Paço das Artes abre Temporada de Projetos 2026
Mostra gratuita reúne três projetos artísticos e um de curadoria, com temas como ancestralidade, identidade, gênero e migração.
O Paço das Artes abre, em 16 de junho, a 30ª edição da Temporada de Projetos, um dos programas mais tradicionais de incentivo a artistas emergentes no Brasil. A exposição tem entrada gratuita e reúne, em 2026, três projetos artísticos e um projeto de curadoria.
Uma vitrine para novas vozes da arte contemporânea
Criada em 1996, a Temporada de Projetos se consolidou como um espaço importante para a arte contemporânea brasileira, ao dar visibilidade a produções artísticas e curatoriais em início de trajetória. Nesta edição, a seleção foi feita por júri formado por Alexandre Sequeira, Lívia Aquino, Cecília Bedê e Renato De Cara, curador do Paço das Artes.
Segundo De Cara, a edição de 2026 apresenta trabalhos que abordam “ancestralidade, identidade e gênero” em diferentes linguagens e suportes, ampliando a leitura sobre pautas urgentes do presente.
O que o público vai encontrar na mostra
Entre os projetos selecionados está Estudos sobre ossos, de Juniara Albuquerque, com acompanhamento crítico de Lucas Dilacerda. A pesquisa parte do uso de ossos de animais para criar esculturas que transitam entre o natural e o industrial, entre o corpo orgânico e o corpo técnico. As obras serão exibidas suspensas por correntes, criando uma atmosfera de leveza e tensão.

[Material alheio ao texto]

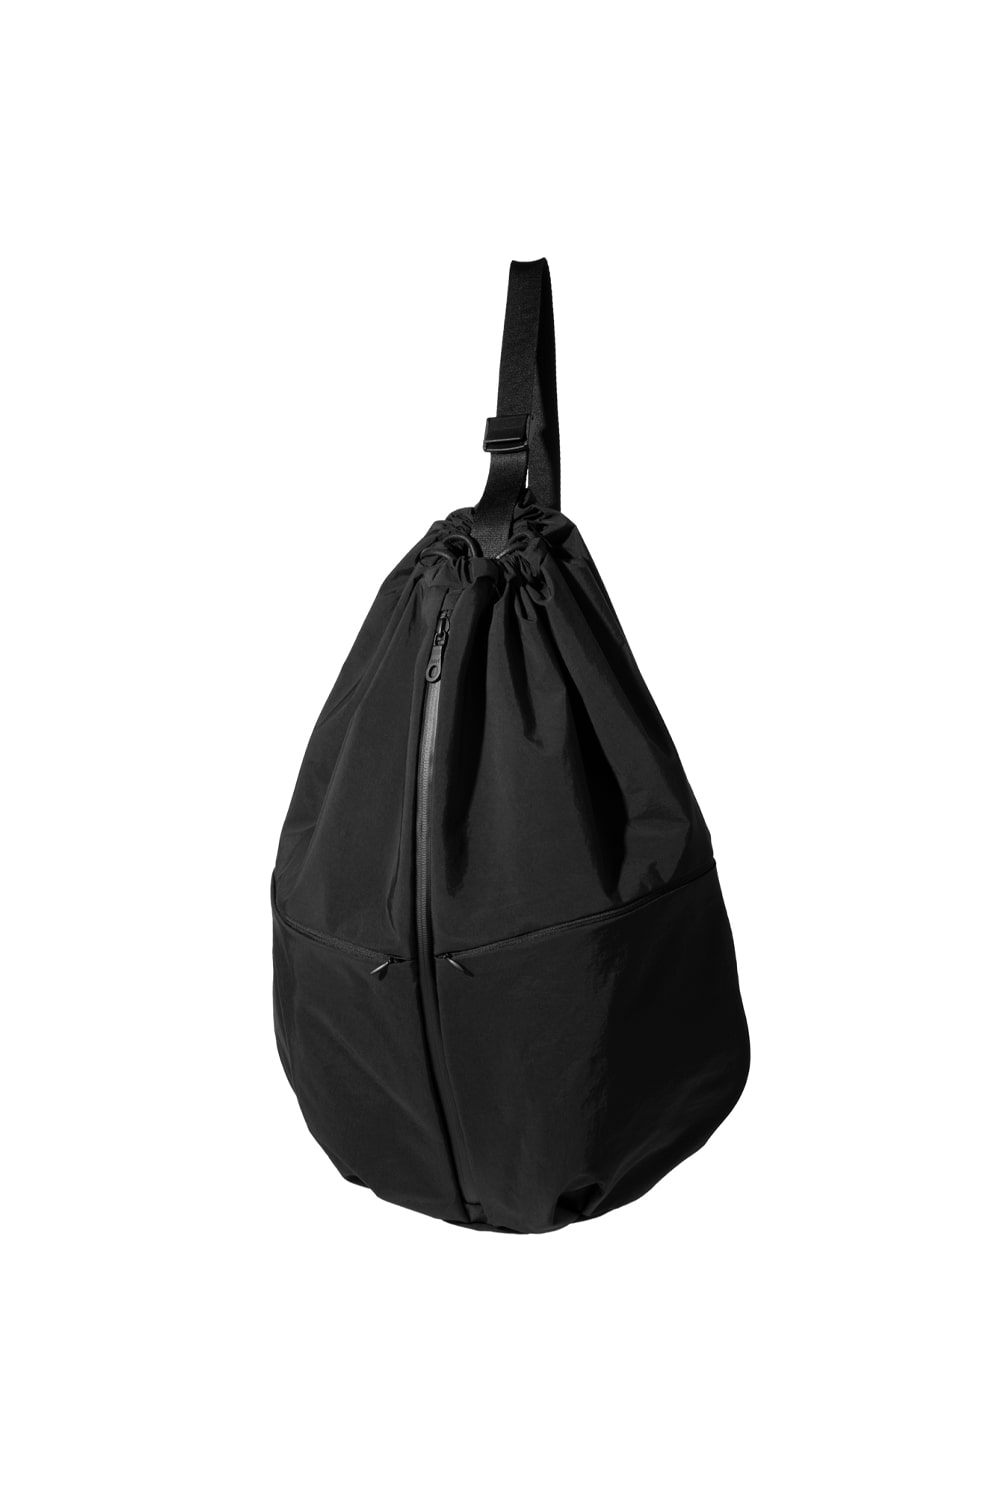 bundle bag (black)
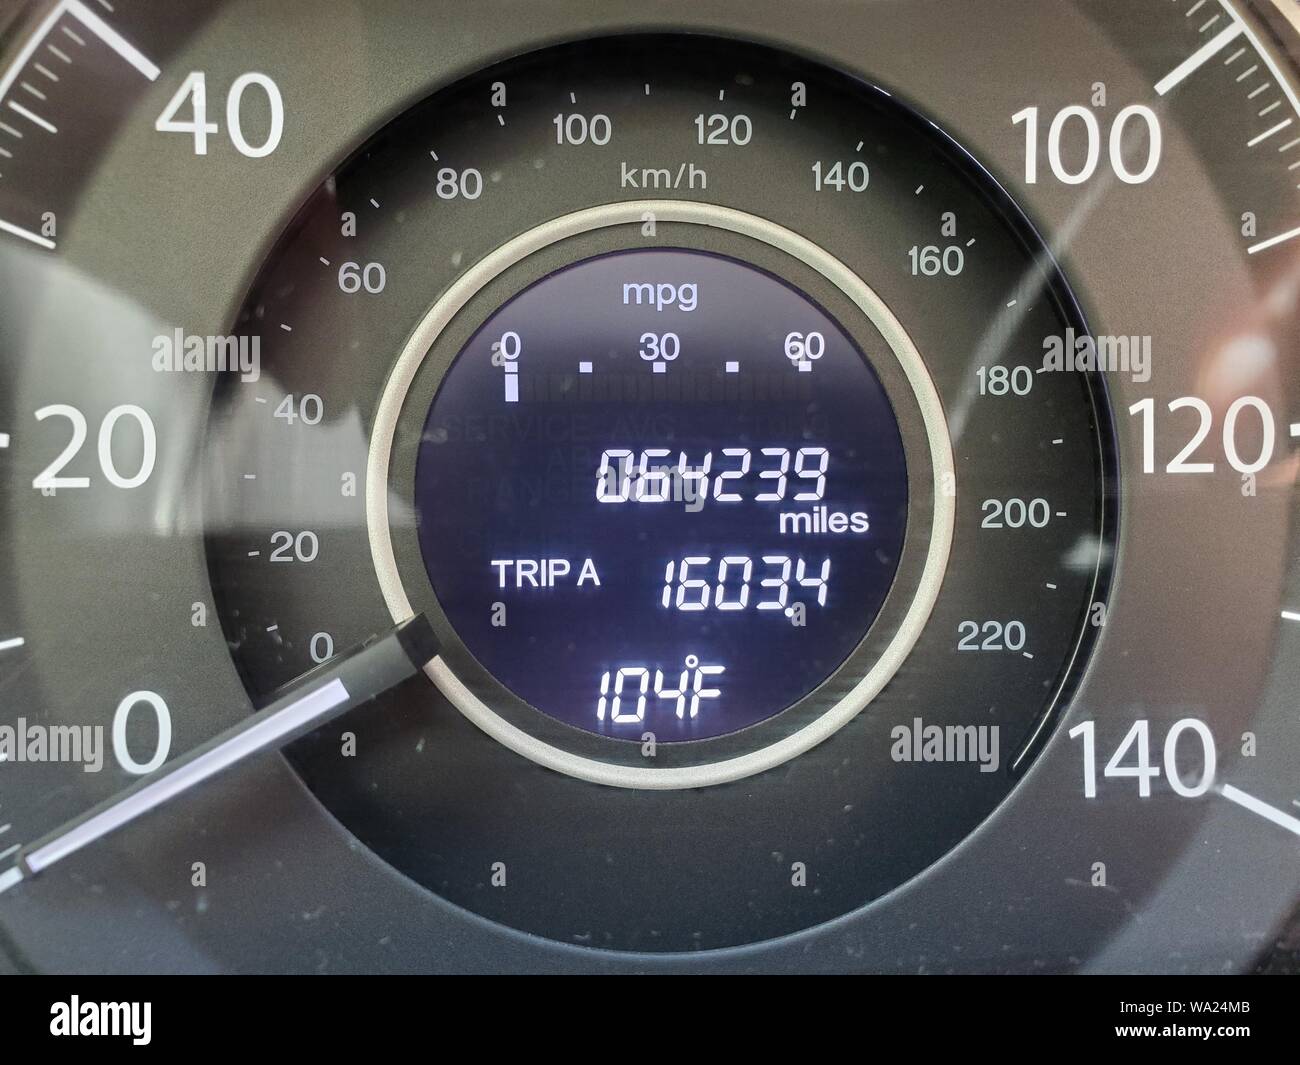 https://c8.alamy.com/comp/WA24MB/close-up-of-vehicle-temperature-sensor-reading-104f-during-a-heat-wave-august-15-2019-WA24MB.jpg

Já Eu posso me rebelar contra a porcelana, de Karina Walter, propõe uma reflexão sobre o corpo domesticado da mulher e questiona ideias ligadas à delicadeza, fragilidade e aos papéis de gênero. O projeto usa louças de porcelana, meias finas e ferragens para tensionar símbolos culturalmente associados ao feminino e ao masculino.

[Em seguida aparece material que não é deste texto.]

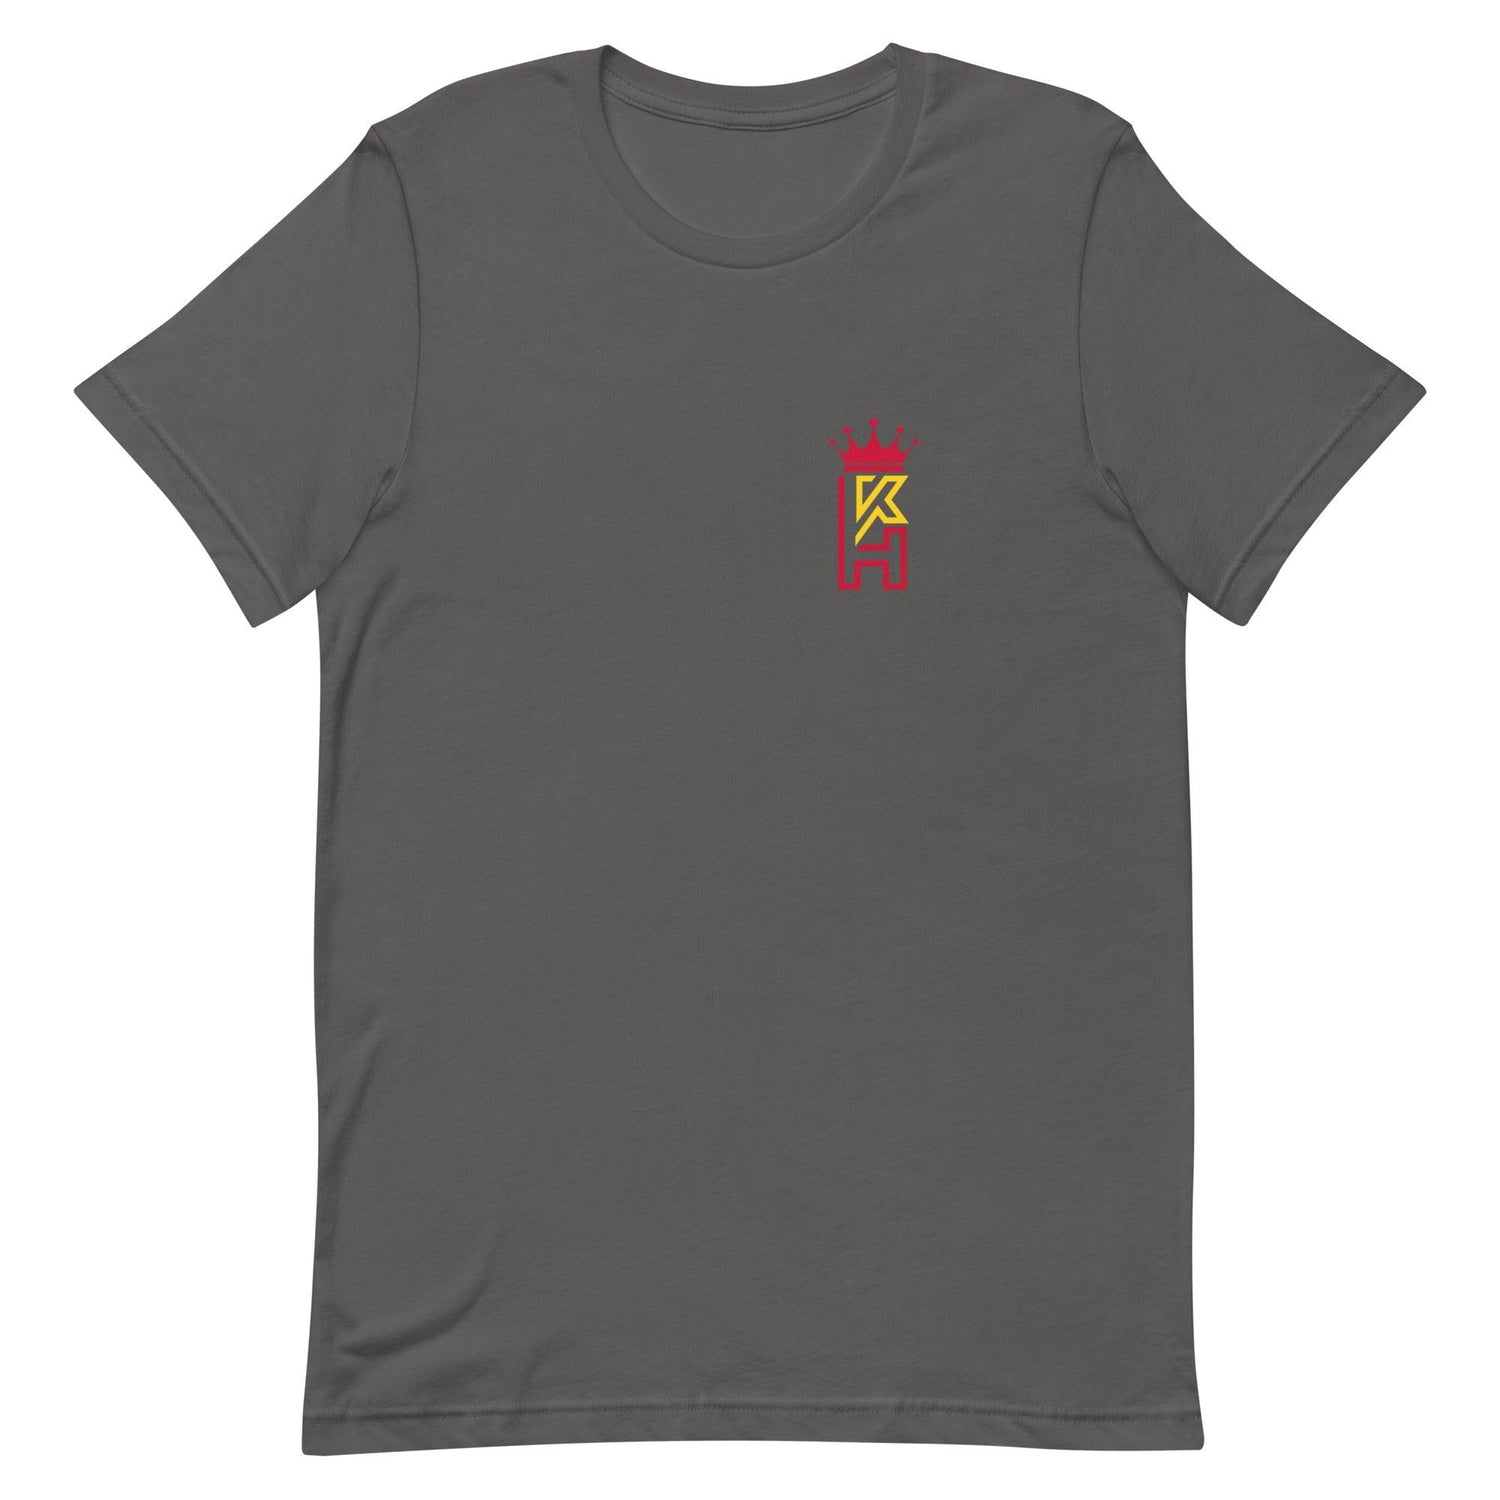 Keiondre Hall “Elite” t-shirt - Fan Arch

O terceiro projeto artístico é La cura para el inmigrante es encontrar nuevos códigos, de Oriana Pérez, com acompanhamento crítico de Nathalia Grilo. A obra investiga identidades em trânsito e a experiência migrante, com atenção especial à diáspora venezuelana e aos impactos dos deslocamentos forçados no Brasil.
Curadoria e memória em foco
Na parte curatorial, Rodrigo Lopes apresenta As nossas imagens, reunindo obras de Anderson Feliciano, Eliana Amorim, Pedra Silva e Val Souza. A proposta discute o álbum de família como um “arquivo branco” e reflete sobre memória, fotografia e o direito à representação de famílias negras e indígenas.
A abertura da exposição acontece no dia 16 de junho, terça-feira, às 17h, com entrada gratuita. A programação reforça o papel do Paço das Artes como espaço de renovação da cena artística e de debate sobre temas que atravessam a sociedade brasileira.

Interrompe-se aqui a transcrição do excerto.